In 2007, the efforts of the Supervisory Board of Software AG were primarily focused on the acquisitions undertaken by the Company with the objective of expanding the product portfolio and stabilizing the Group's growth:

  • The meetings in March 2007 were in preparation for the Annual Shareholders' Meeting, which took place on May 11, 2007 in Frankfurt, and the acquisition of SPL Software in Israel.
  • In the meeting in April 2007, the resolution to acquire webMethods, Inc., in Fairfax, USA, laid the foundation for the technological expansion of the product portfolio and hence for sustainable medium-term to long-term growth for Software AG.

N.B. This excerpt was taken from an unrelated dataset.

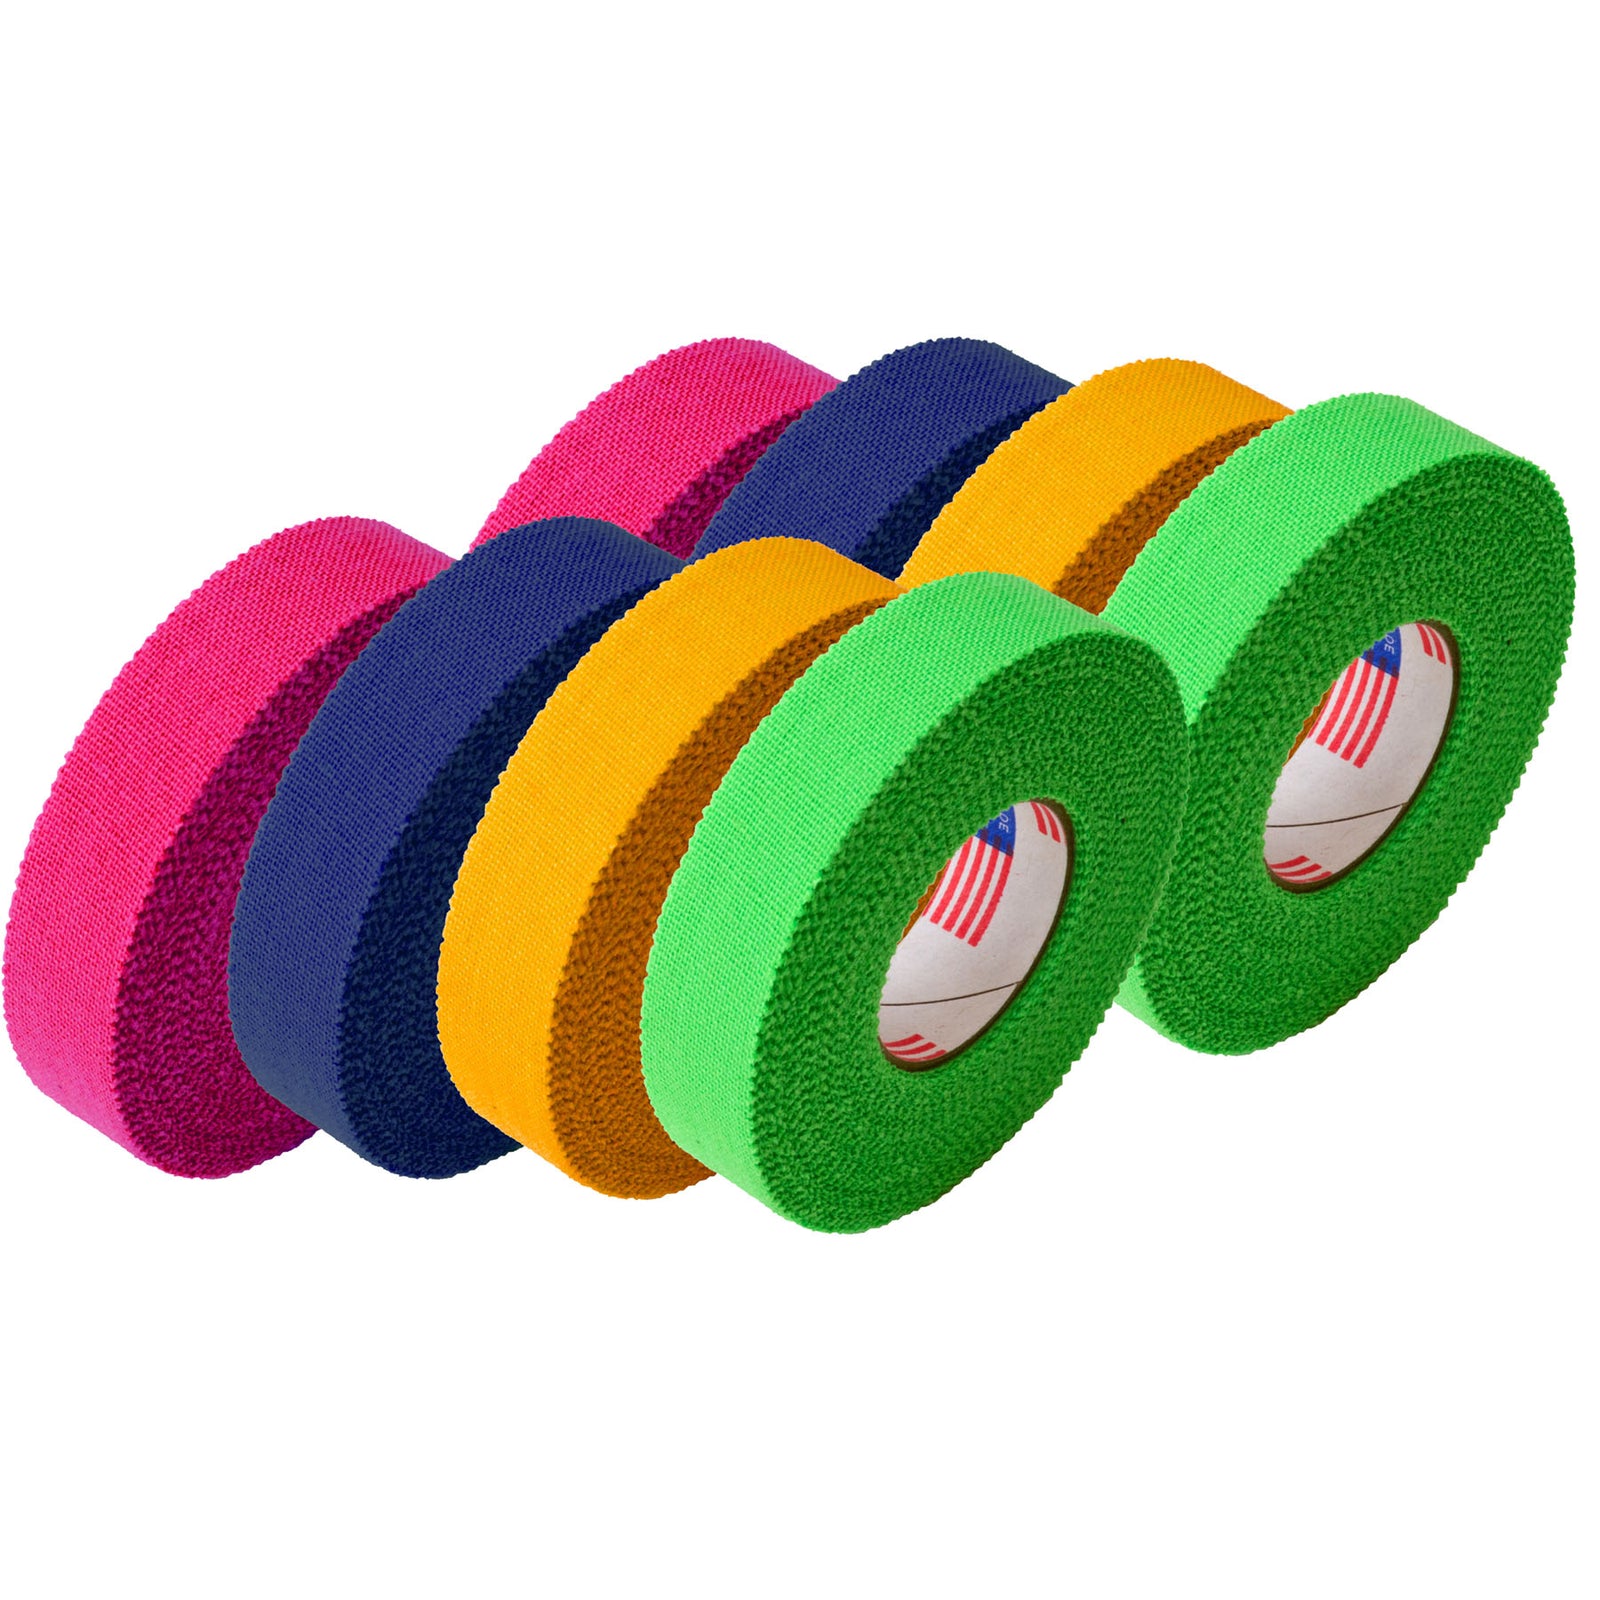 a photo of all the colors of metolius finger tape
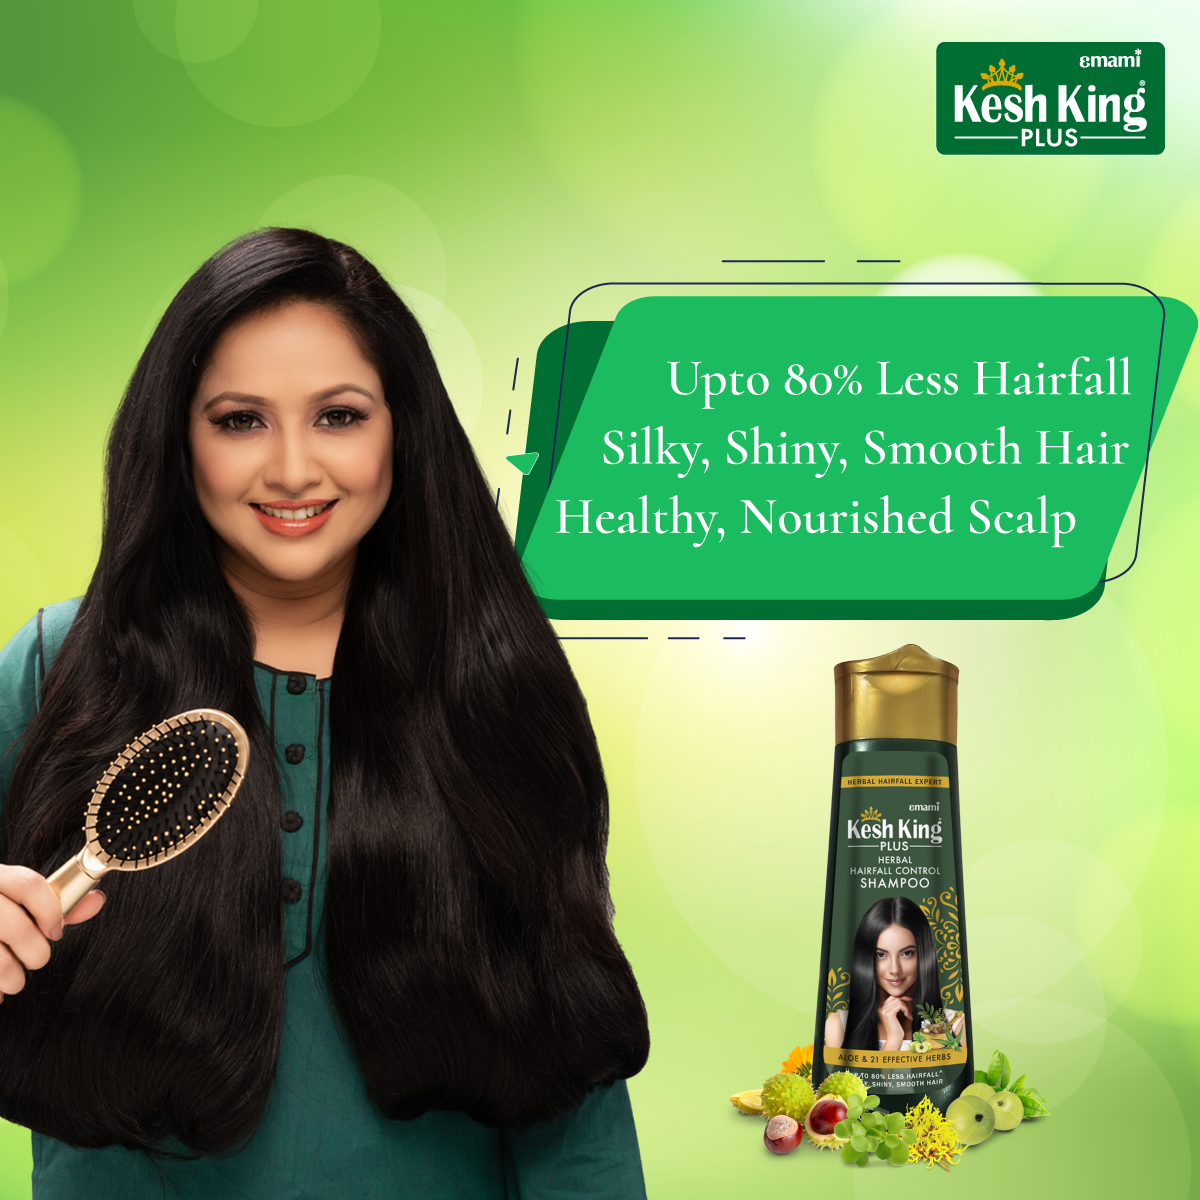 Kesh King Ayurvedic Hair Oil Review – Is It Really a One-Stop Solution? –  ootdiva

  • In the meetings in May and July 2007, a new Management Incentive Plan was discussed and adopted to support the integration of the acquired companies.
  • In another meeting in July 2007, a fundamental reorganization of Executive Board responsibilities was adopted. In this connection, Software AG discontinued its existing regional sales structure and aligned the entire Company in accordance with the two business divisions webMethods and Enterprise Transaction Systems (ETS). Since then, each of the two business lines is represented by two Executive Board members: one for development and one for sales.
  • In October 2007, the Supervisory Board decided to conclude an asset deal with Jacada Ltd., Israel.